In our dataset, a total of 5298 patients (∼15% of the patients in the dataset) were re-admitted, after being discharged, at least once. 2618 of these 5298 patients had either Acute or Chronic Pain (or both) diagnosis in their plan of care (POC) in both the original and re-admission episode. On the other hand, there were 15,956 patients, diagnosed with Pain, that were admitted only once. All patient deaths in hospitals have been excluded in this work. Both the sets were further reduced by considering only patients with NOC: Pain Control. 980 of 2618 patients that were admitted again after being discharged had a NOC of Pain Control, whereas, 5095 of 15956 patients, admitted only one time, had Pain Control as an outcome. Note that the number of single admissions might not be completely accurate, as the patient could have been re-hospitalized to another hospital unit not using HANDS database, or the patient might have been re-admitted after the study period. A few characteristics of the dataset are given in Table 1.
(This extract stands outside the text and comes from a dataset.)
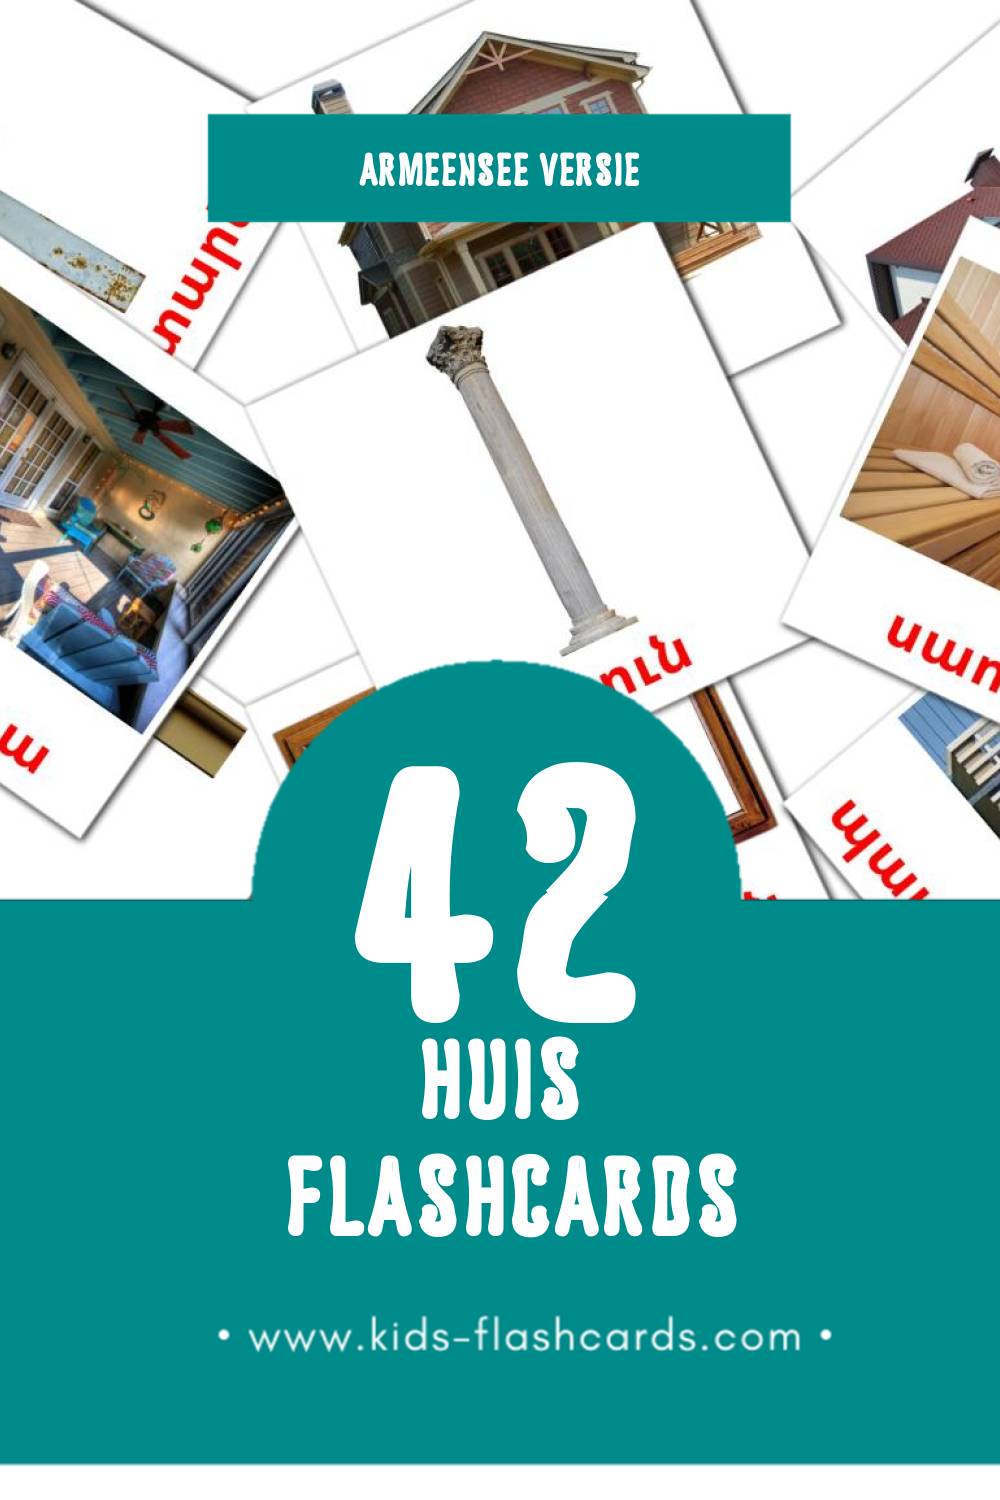 Visuele տուն Flashcards voor Kleuters (70 kaarten in het Armeense)

Table 1. Dataset Characteristics.

Full Dataset Characteristics
Total number of admissions 42,203
Number of unique individuals 34,927
Number of Patients re-admitted 5298
All patients diagnosed with Pain 18574
Number of Pain Patients re-admitted 2618
Number of re-admitted Patients with NOC: Pain Control 980
Number of single admission patients with NOC: Pain Control 5095
Variables used in prediction
Age (years) mean (SD) 59.0 (18.4)
Length of Stay (hours) mean (SD) 91.5 (98.5)
Average Nurse Experience (years) mean (SD) 1.7 (2.4)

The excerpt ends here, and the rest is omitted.